“I wish you boys would go home,” said Katherine primly. “You’re altogether too rough for us little girls to play with. I think it’s horrid and nasty to play tricks on people when they’re asleep.” From her gently shocked and disapproving expression you never would have guessed that she was the one who had started it all.
“Come on home, fellows, we’re invited out,” said Uncle Teddy, with a pretended injured air. “It’s time we little gentlemen were in the hay—I mean the straw. Come on, Pitt, never mind looking for the tack; Mother will find it when she gets up in her stocking feet to see if she locked the door!” With which shot he retired in haste through the doorway and over to the other cabin, and just in time, for Aunt Clara sent a snowball flying after him that fell short by a bare inch.
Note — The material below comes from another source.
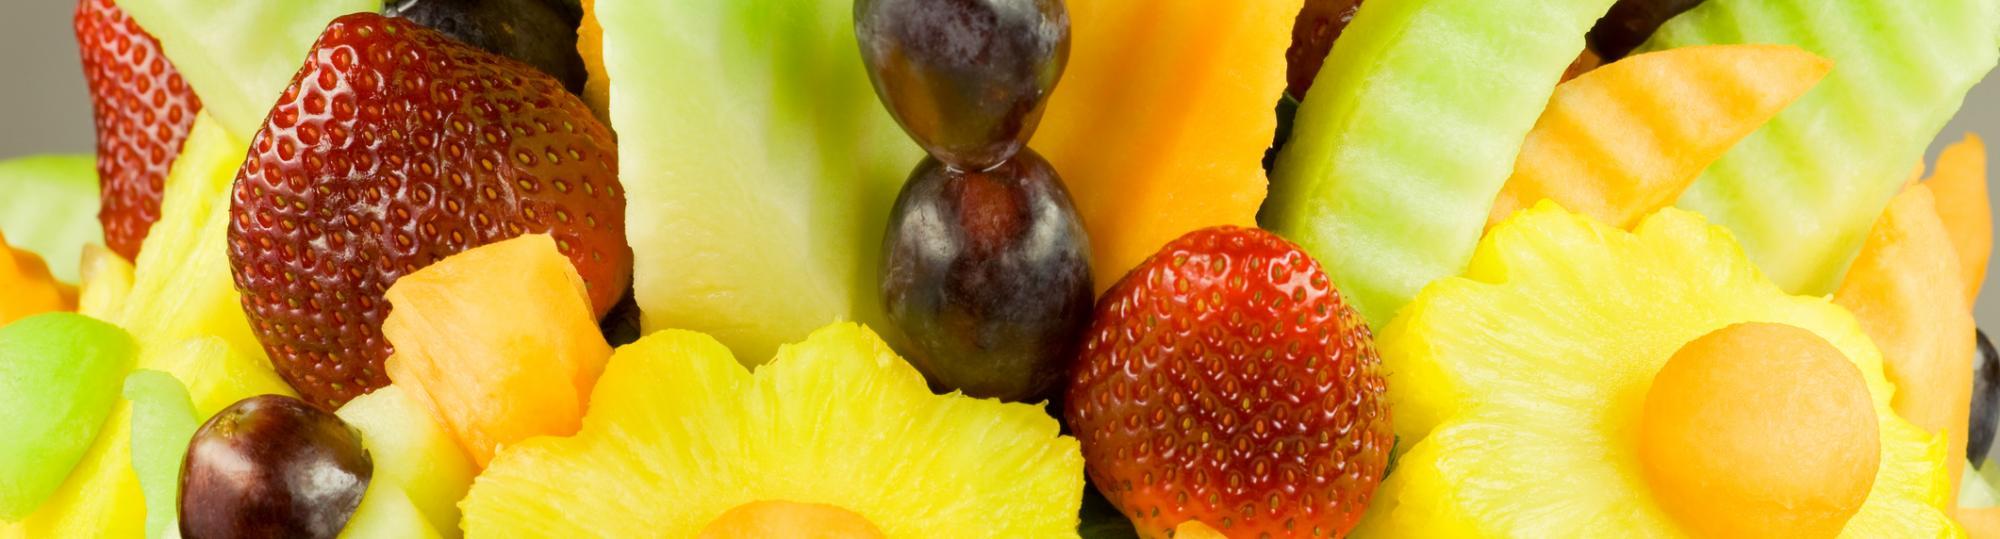 FruitBouquets.com Military Discount with Veterans Advantage

Then she closed and barred the door, fixed the fire with hardwood which would last the rest of the night, plastered adhesive strips over the various blisters which the Winnebago feet had acquired on the long march, and tucked them all in warmly with a motherly pat and a goodnight kiss. After a twenty-mile walk in the open air a hard plank would be a comfortable resting place, and the straw filled and blanket padded bunks were far from the hard plank class. For the first time in the history of Winnebago sleeping parties there was strictly “nothing doing” after they were tucked in. Most of them fell asleep during the process of tucking.
Thus it was that when the first thump came at the door nobody stirred. A second thump followed like a blow from a battering ram. Aunt Clara sat up.
“Who’s there?” she called. No answer save a series of blows and thumps that threatened to break the door down. The rest were awake by this time, trembling in their beds.
“Theodore, is that you?” shrieked Aunt Clara above the noise. “What do you want?” Again came a shower of blows, as if somebody were trying to force their way in with an axe. This time the bars gave way and the door swung inward. There was a loud bellowing, roaring sound, which seemed to their startled ears like a deep-throated whistle, and into the cabin there walked a cow. The girls shrieked and disappeared under the bed-clothes, for to their excited fancy she looked like a wild animal.
“Shoo, get out!” shouted Aunt Clara, throwing her slipper with neat aim into the cow’s face. Bossy looked reproachfully at her and walked farther into the cabin, standing close beside the row of bunks.
Katherine raised her head from the blanket to see what was going on and looked right into the open mouth of the creature as it stood over her. “Murder! It’s going to eat me up!” she shrieked, diving under the covers with a prolonged howl.
By this time Aunt Clara had found the whistle with which she always summoned her husband when she needed him and blew a long, shrill blast. A few minutes later Uncle Teddy appeared at the door, with a string of startled boys running out of their cabin behind him, and at a word of command from him, accompanied by several emphatic pokes and proddings, Mrs. Bossy meekly turned and walked out through the doorway, which was considerably the worse for her entrance. She had probably strayed from the nearest farmhouse and was suffering from the intense cold. Attracted by the light streaming from the little window of the cabin she had come to find shelter, and when nobody answered her first gentle knocks with her horns, she had taken matters into her own hands and become housebreaker. She was stabled in a lean-to shelter for the rest of the night and made comfortable with straw and a blanket.
“Isn’t it funny how all the suffering critters come to our hospitable door for shelter?” said Katherine at the breakfast table. “Just like Sandhelo. He came of his own accord, also.”